> [Requirement]
Output exactly the lines below from the one containing "Turkiye and Syria" to the last line, both included. Omit pictures.

> [Supplied material]
######

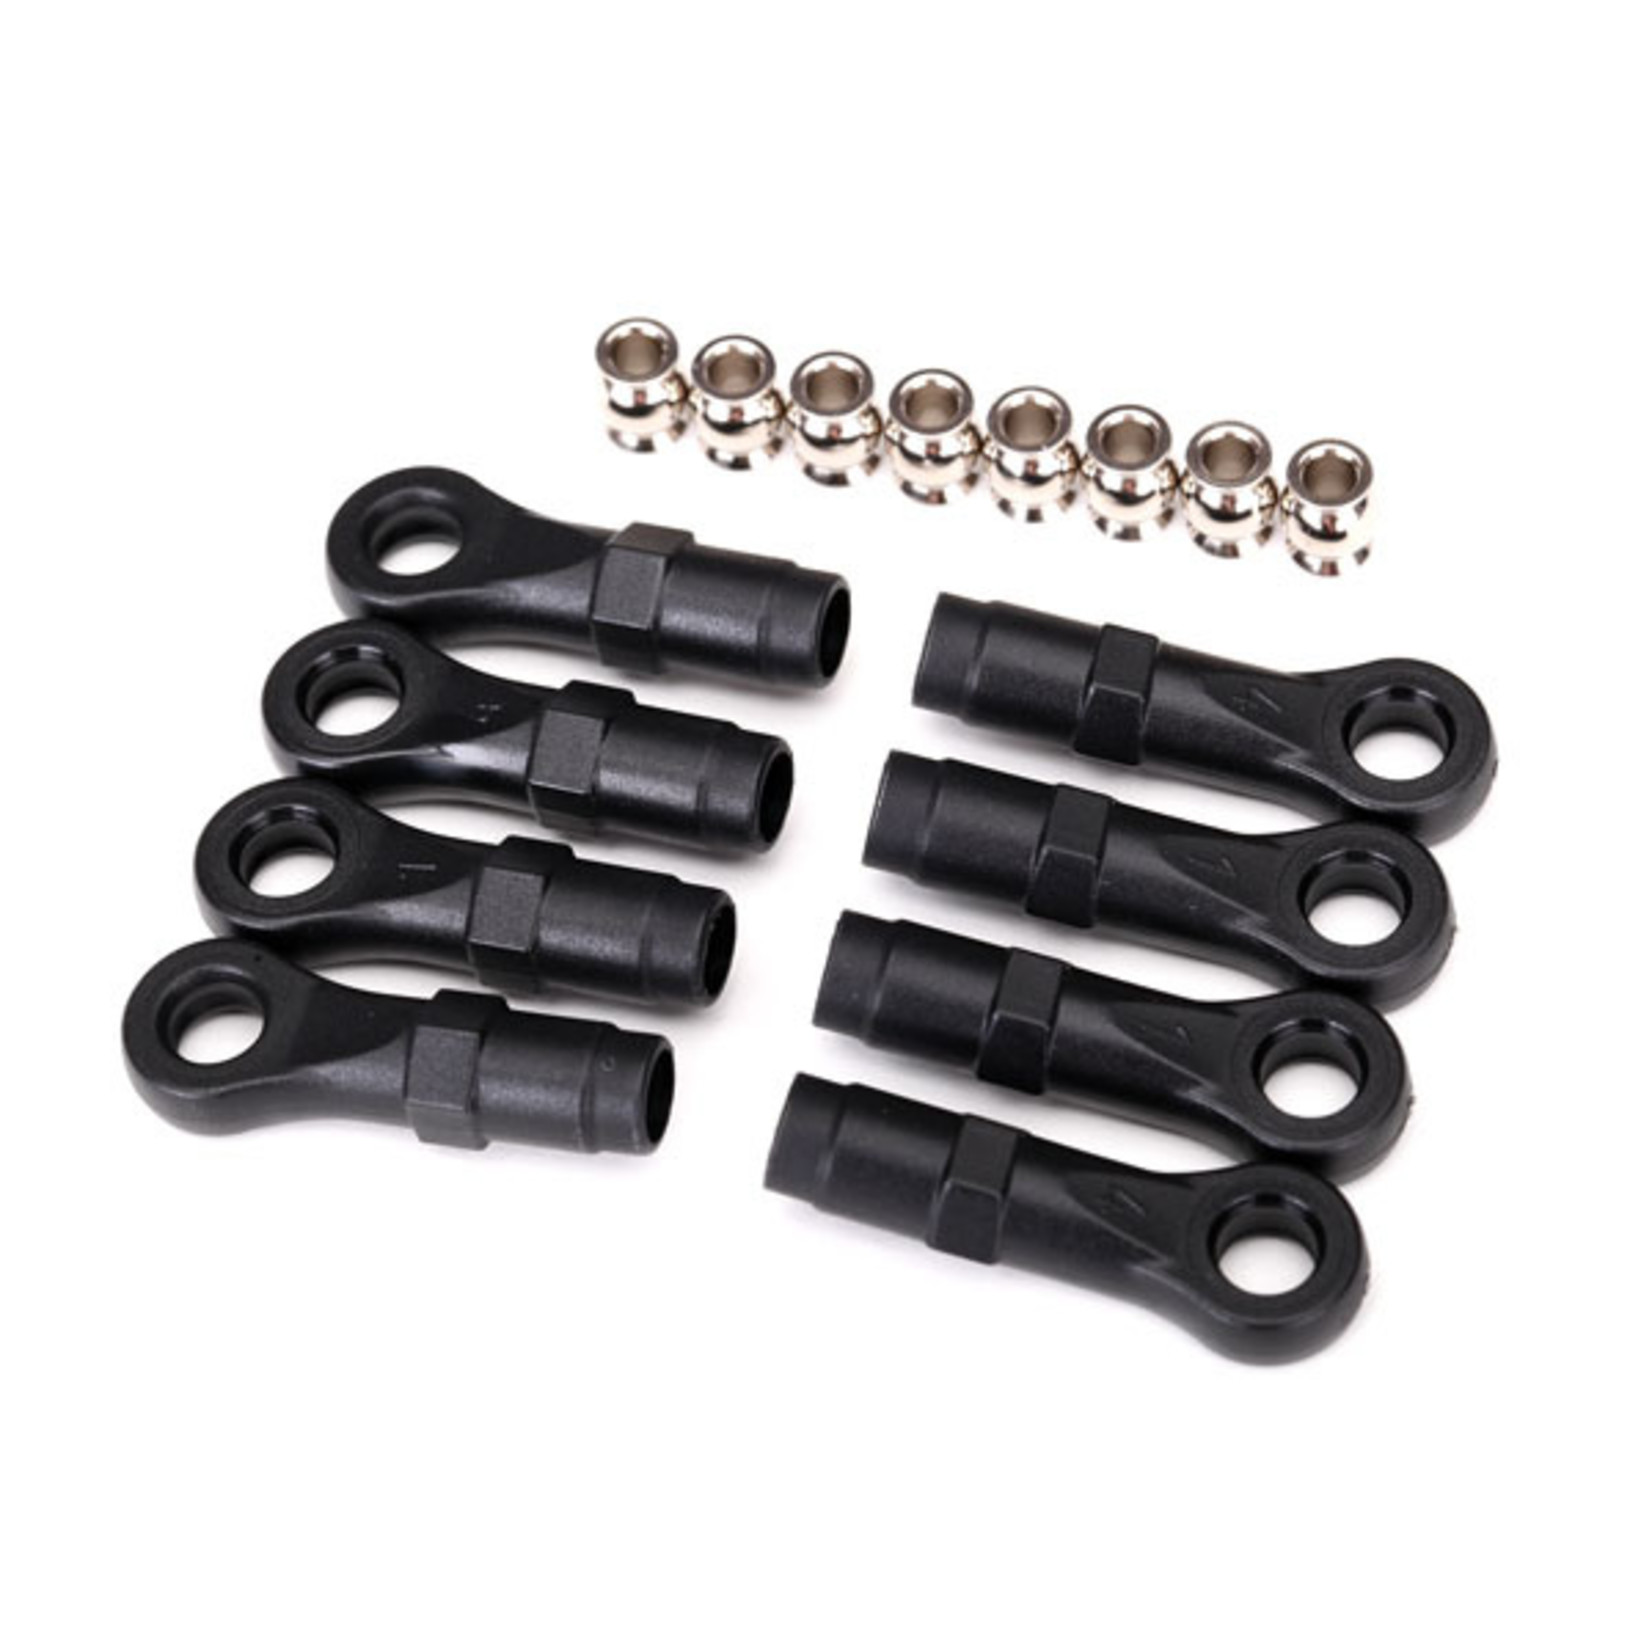 Traxxas 8149 - Rod ends, extended (standard (4), angled (4
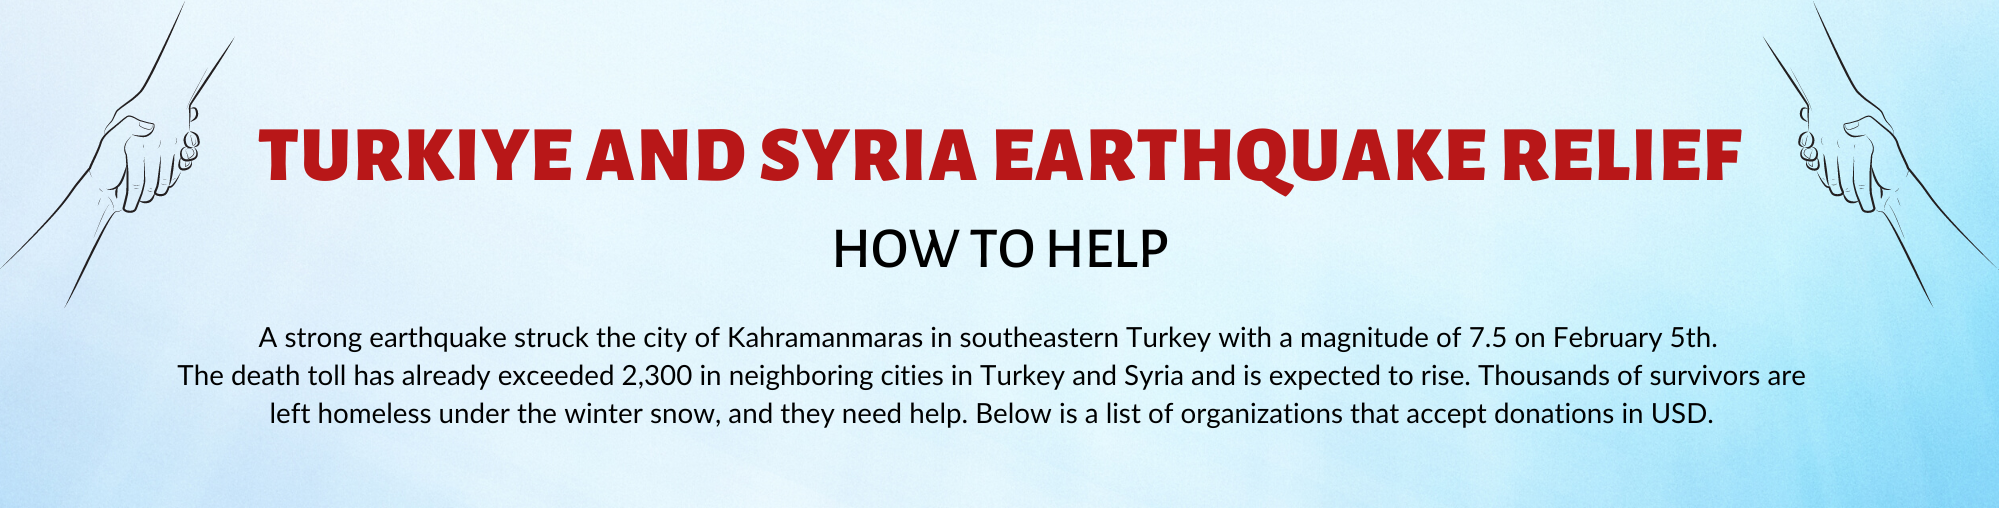 Turkiye and Syria Earthquake Relief: How to Help. A strong earthquake struck the city of Kahramanmaras in southeastern Turkey with a magnitude of 7.5 on February 5th.  The death toll has already exceeded 2,300 in neighboring cities in Turkey and Syria and is expected to rise. Thousands of survivors are left homeless under the winter snow, and they need help. Below is a list of organizations that accept donations in USD.
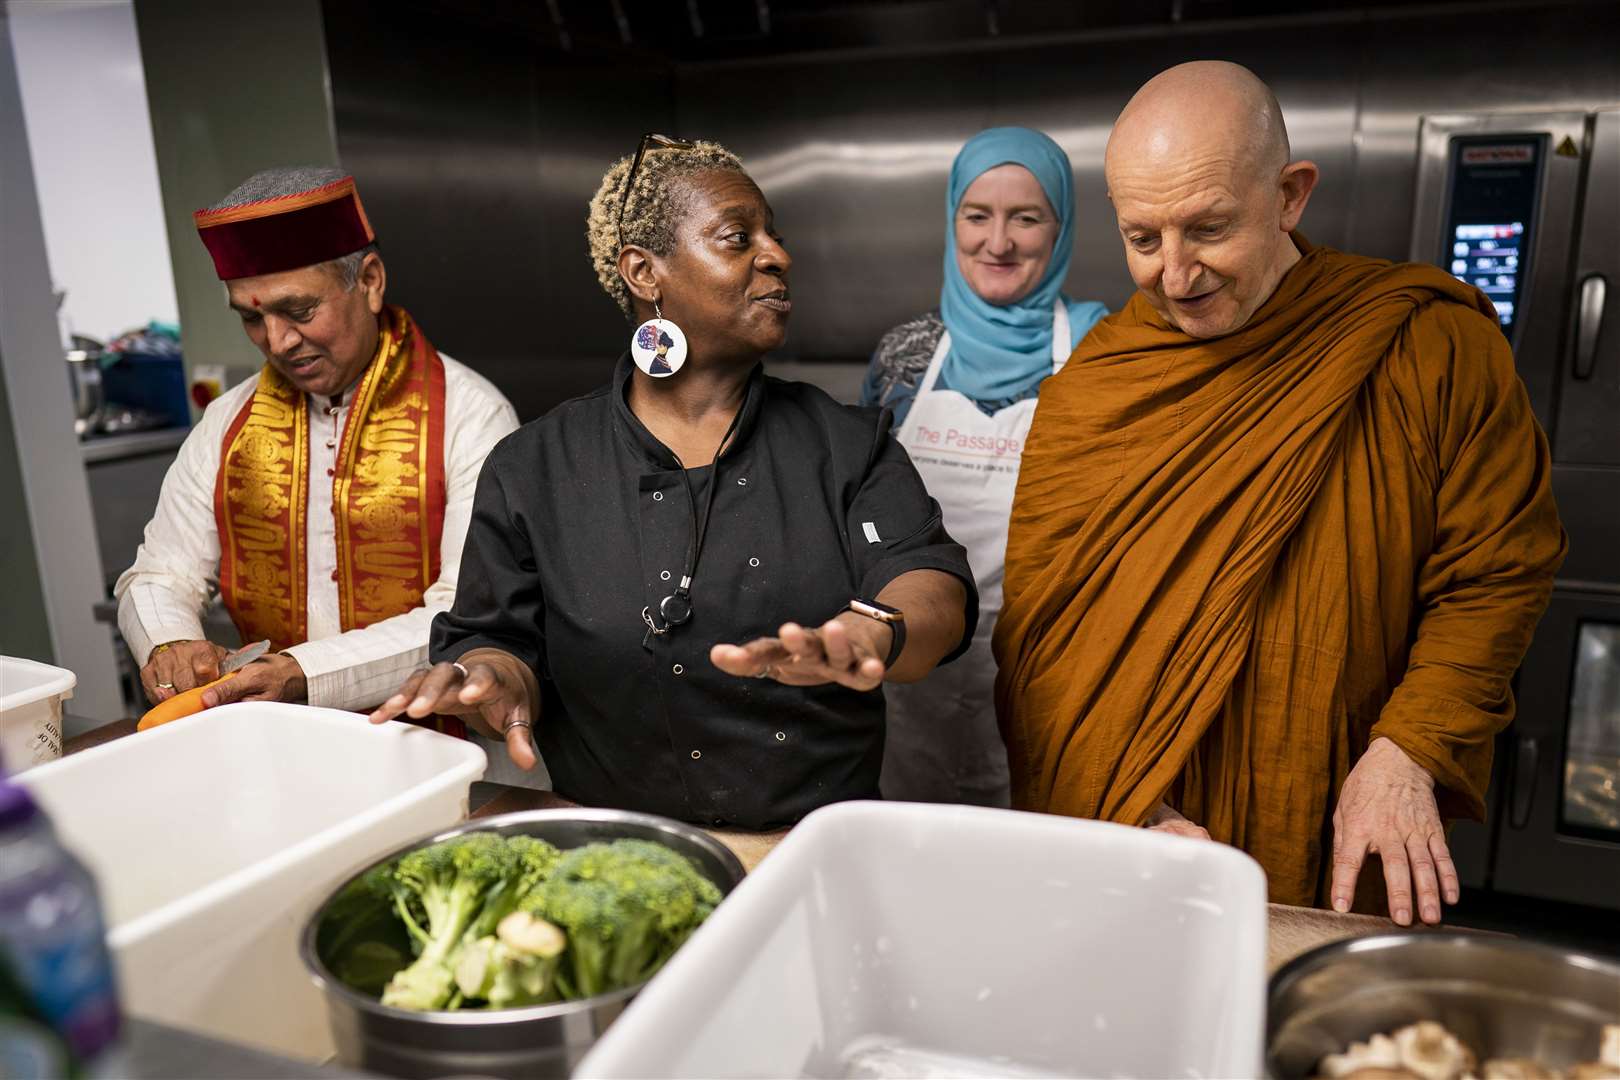 Krishan Kant Attri, Julie Siddiqi and Venerable Ajahn Amaro prepare food as they join other faith leaders at the Big Help Out event at the Passage in London (Aaron Chown/PA)

######

> [Output below]
 Turkiye and Syria Earthquake Relief: How to Help. A strong earthquake struck the city of Kahramanmaras in southeastern Turkey with a magnitude of 7.5 on February 5th.  The death toll has already exceeded 2,300 in neighboring cities in Turkey and Syria and is expected to rise. Thousands of survivors are left homeless under the winter snow, and they need help. Below is a list of organizations that accept donations in USD.
 Krishan Kant Attri, Julie Siddiqi and Venerable Ajahn Amaro prepare food as they join other faith leaders at the Big Help Out event at the Passage in London (Aaron Chown/PA)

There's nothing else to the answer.